Problem requirements:
Write out the entries below exactly, but only from the line containing "prorsum-label-cotton-t-shirt-6601_16845013903-1000" through the line containing "Игрушки из шерсти: Мышка - символ 2020 года", and without the pictures.

Dataset content:
----------------------------------------

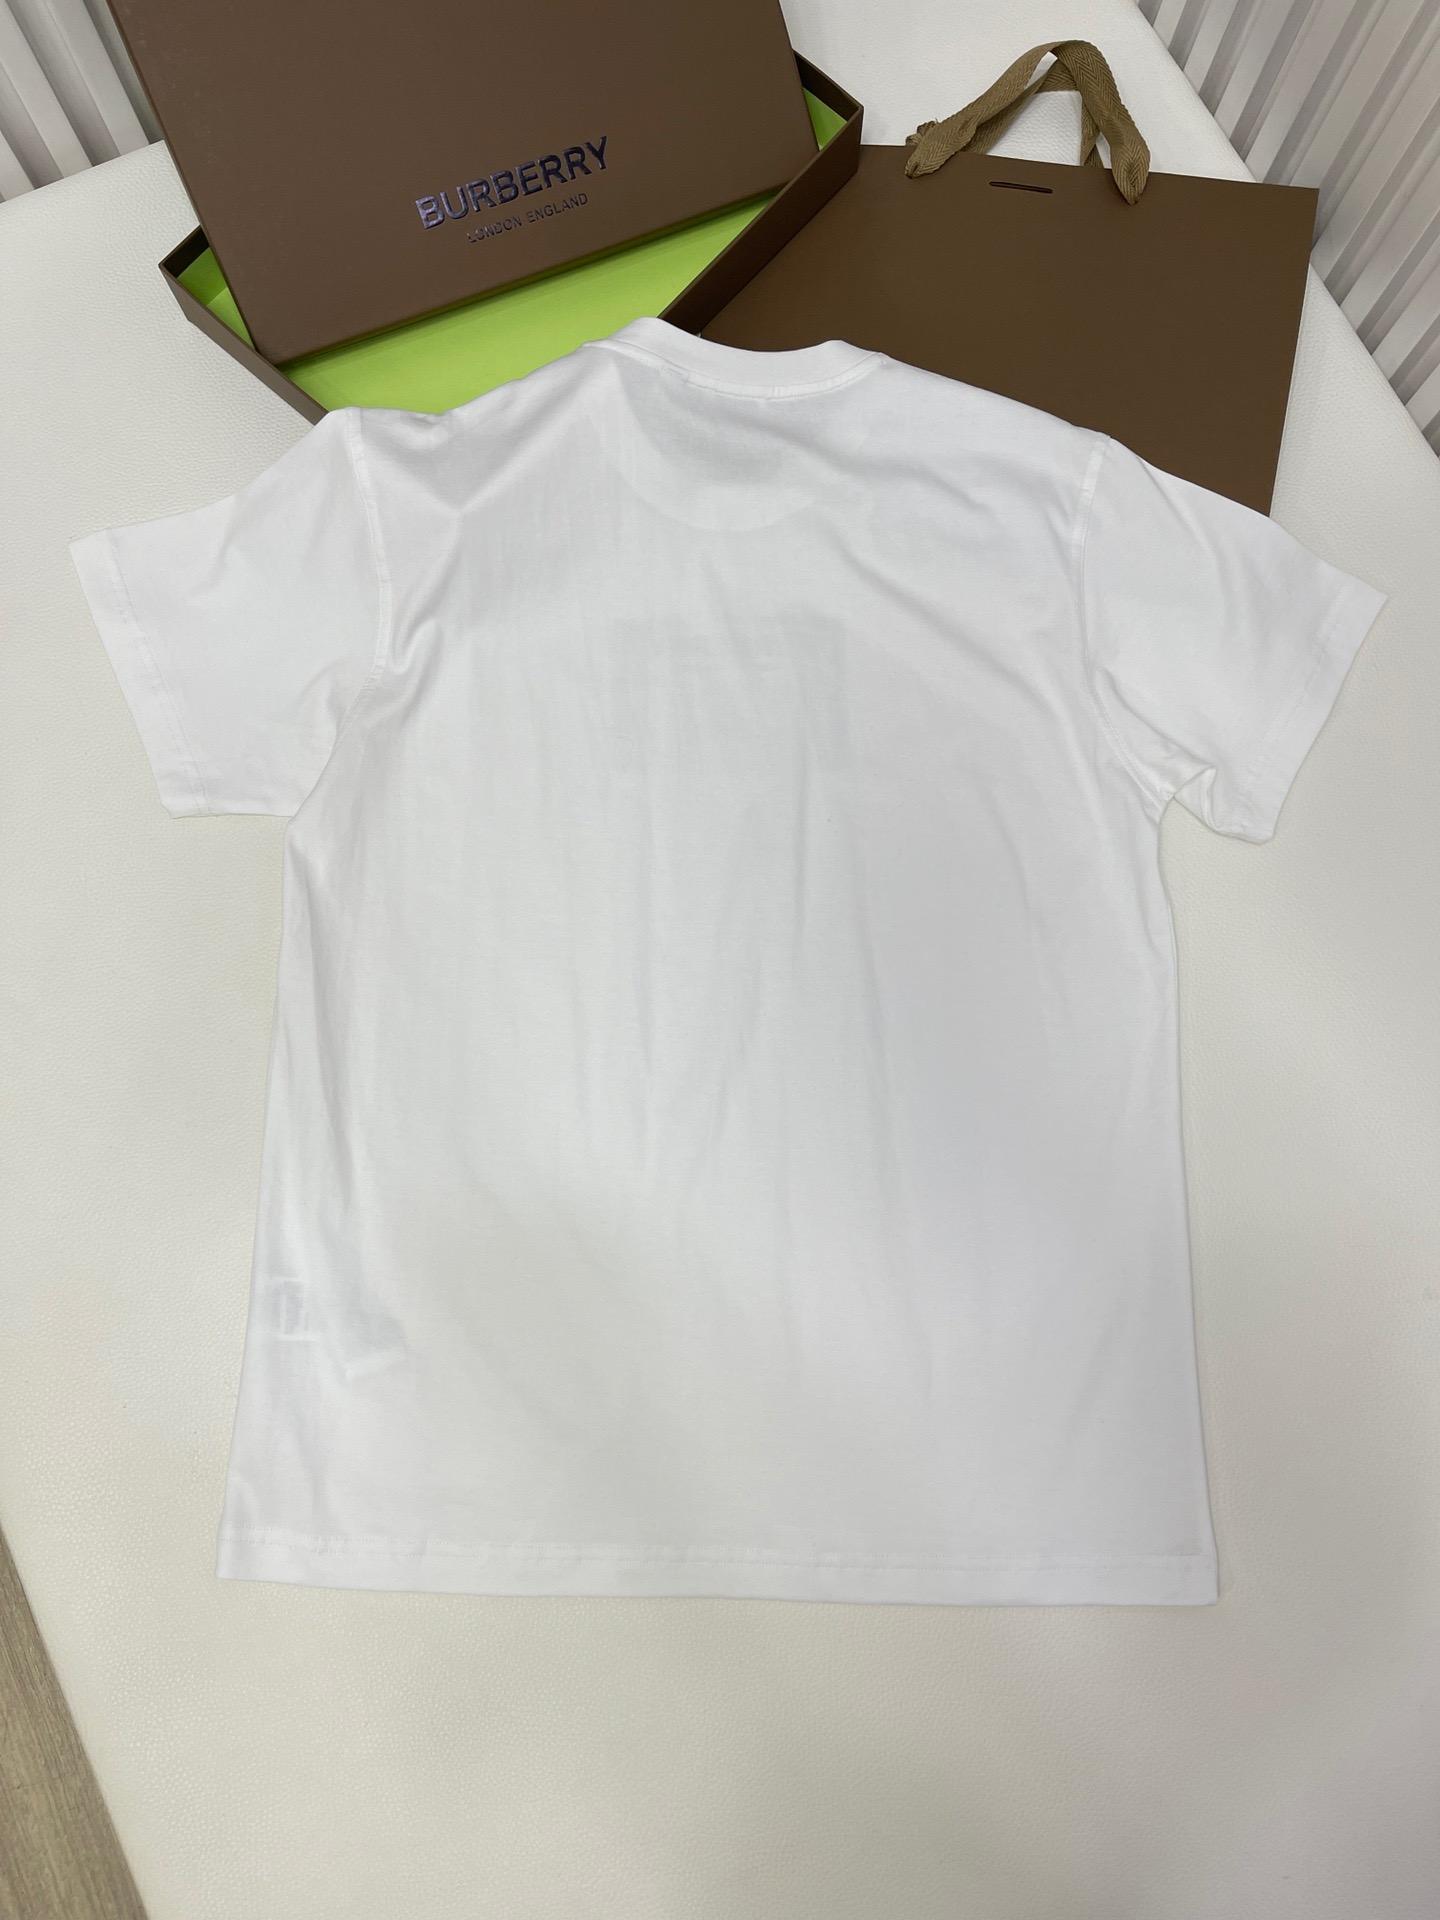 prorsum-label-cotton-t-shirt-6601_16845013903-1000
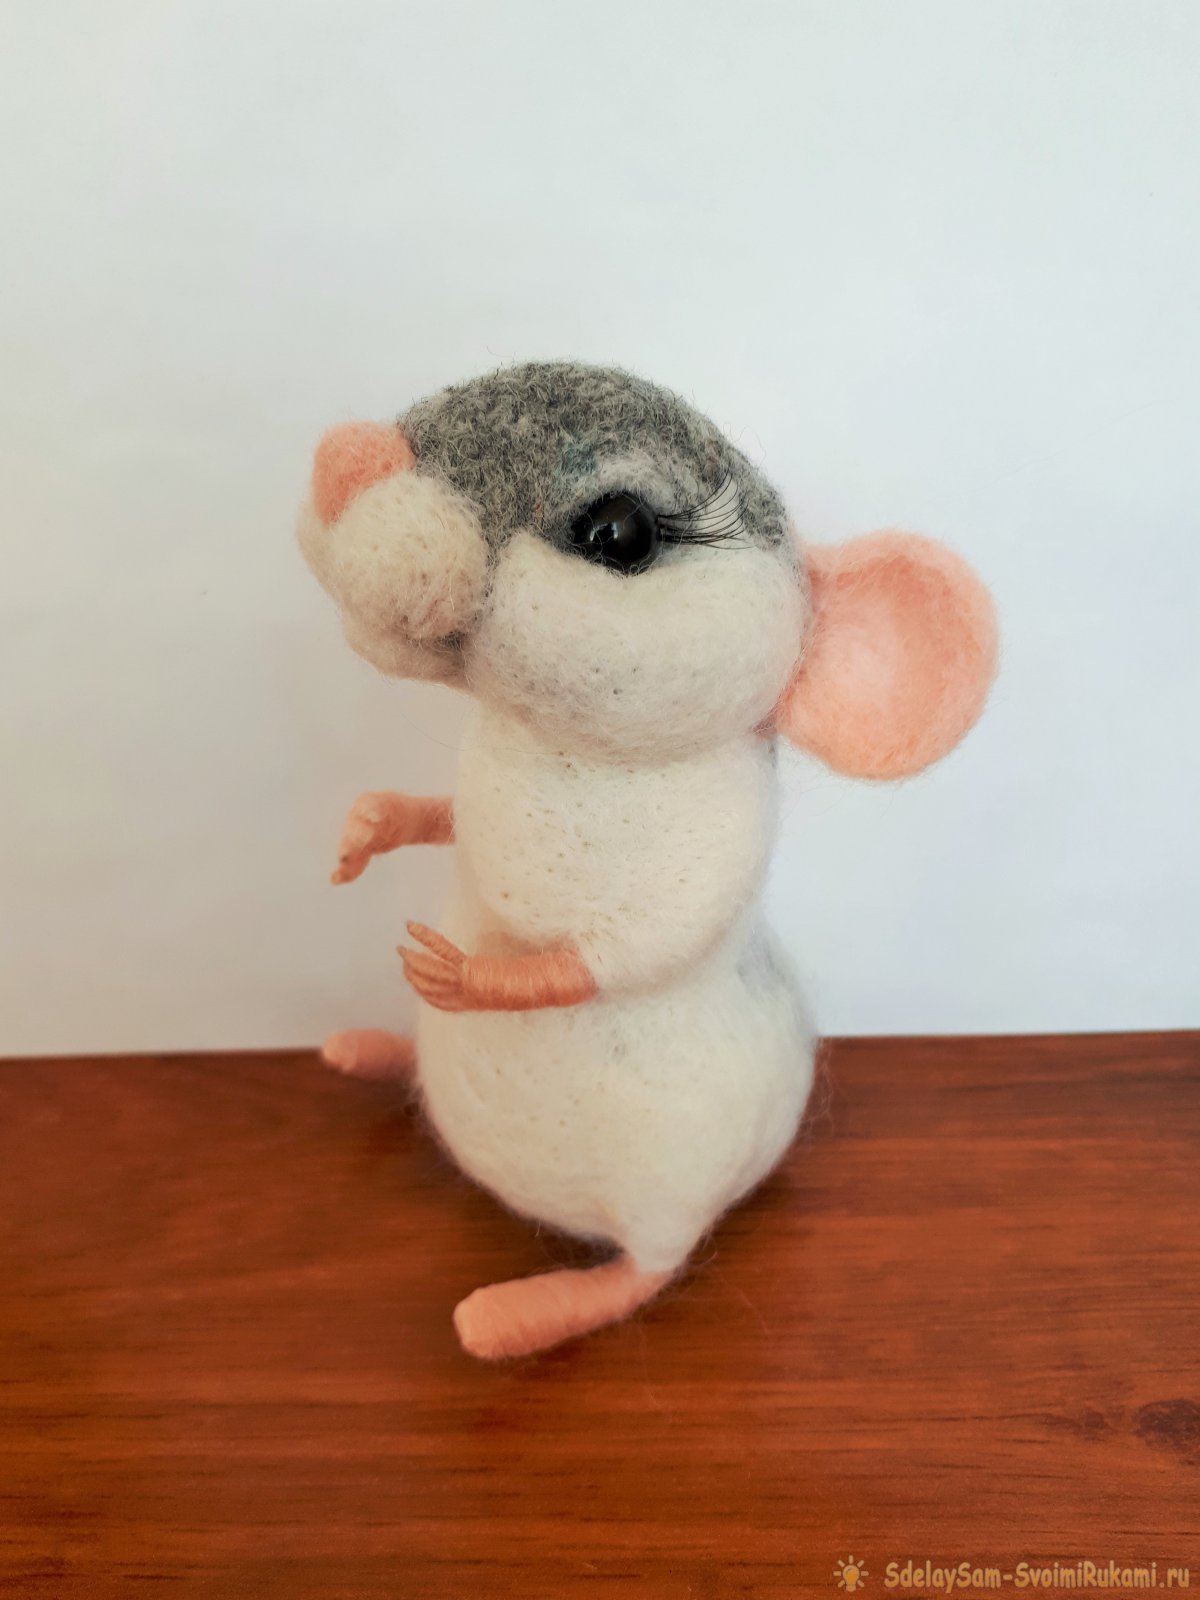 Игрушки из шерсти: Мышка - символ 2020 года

----------------------------------------

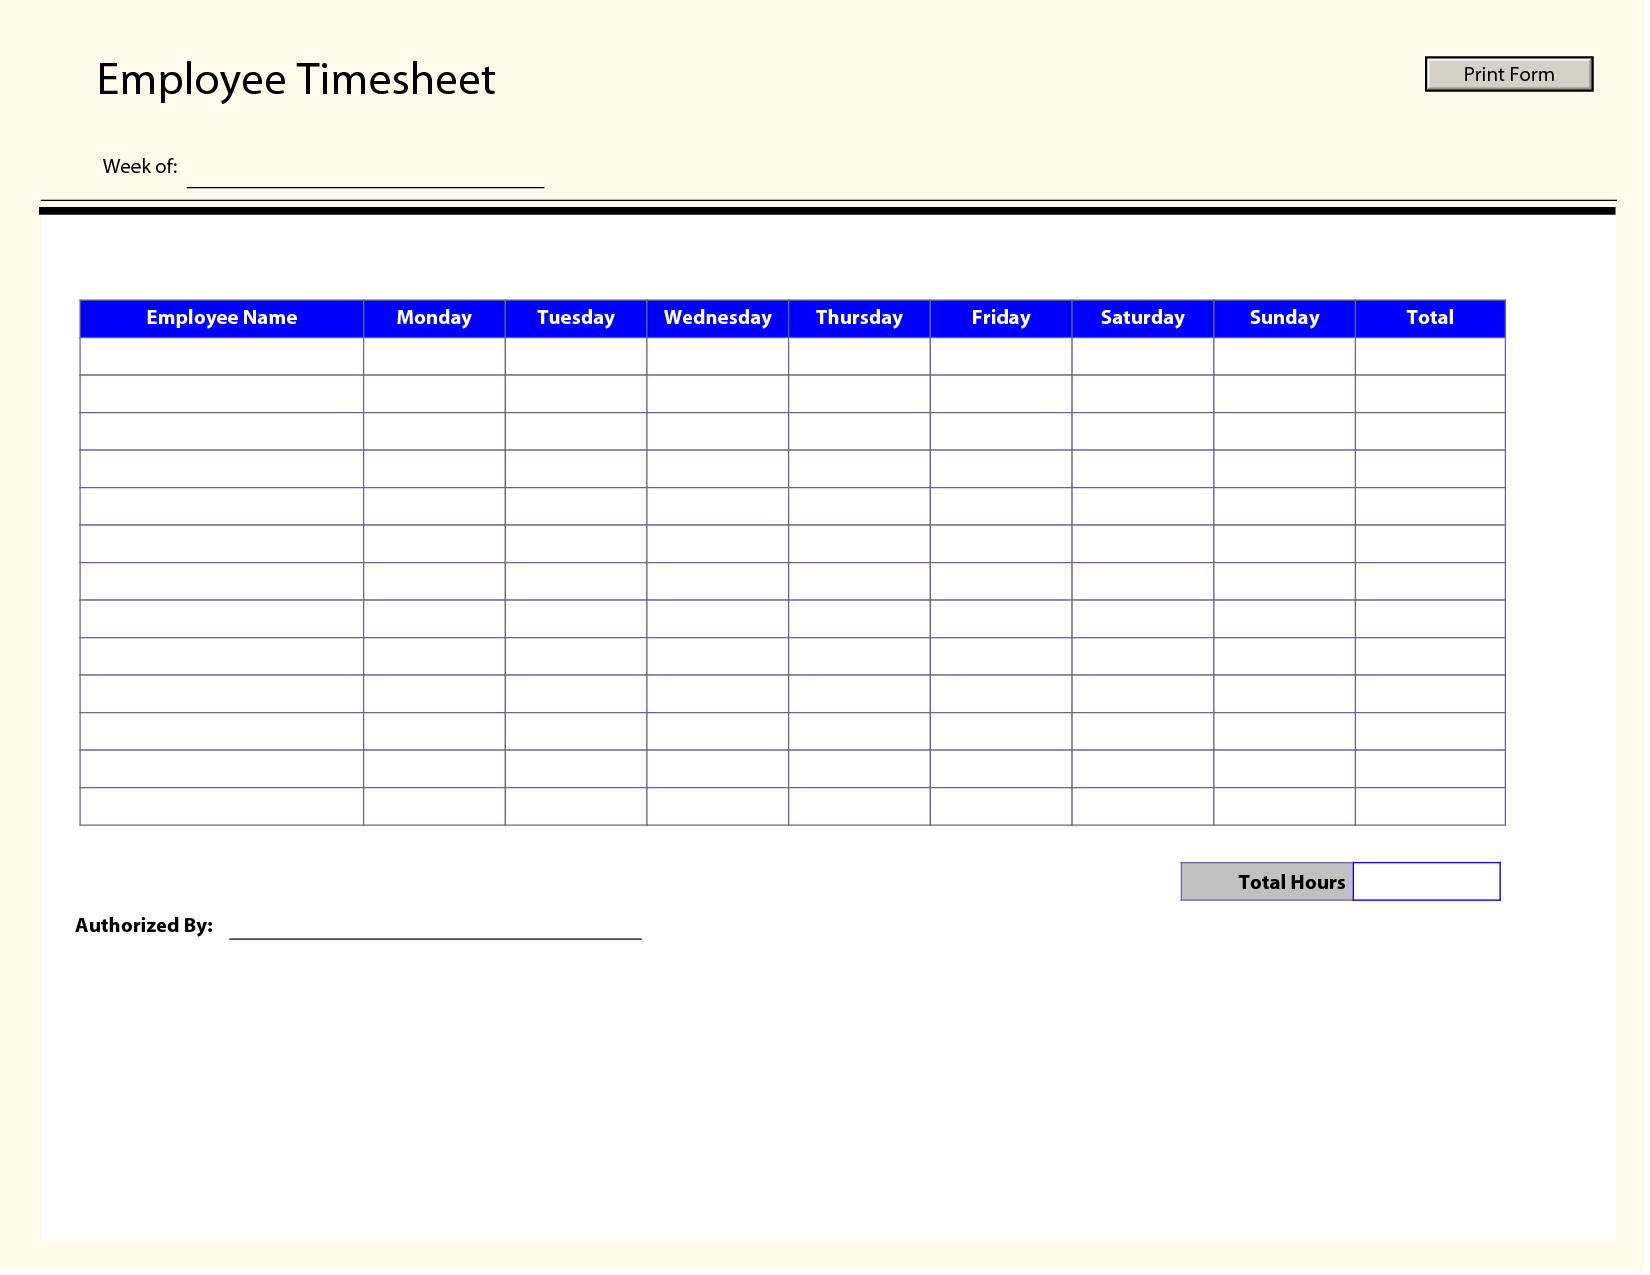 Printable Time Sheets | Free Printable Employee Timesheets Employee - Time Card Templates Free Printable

----------------------------------------

Solution for this exercise:
 prorsum-label-cotton-t-shirt-6601_16845013903-1000
 Игрушки из шерсти: Мышка - символ 2020 года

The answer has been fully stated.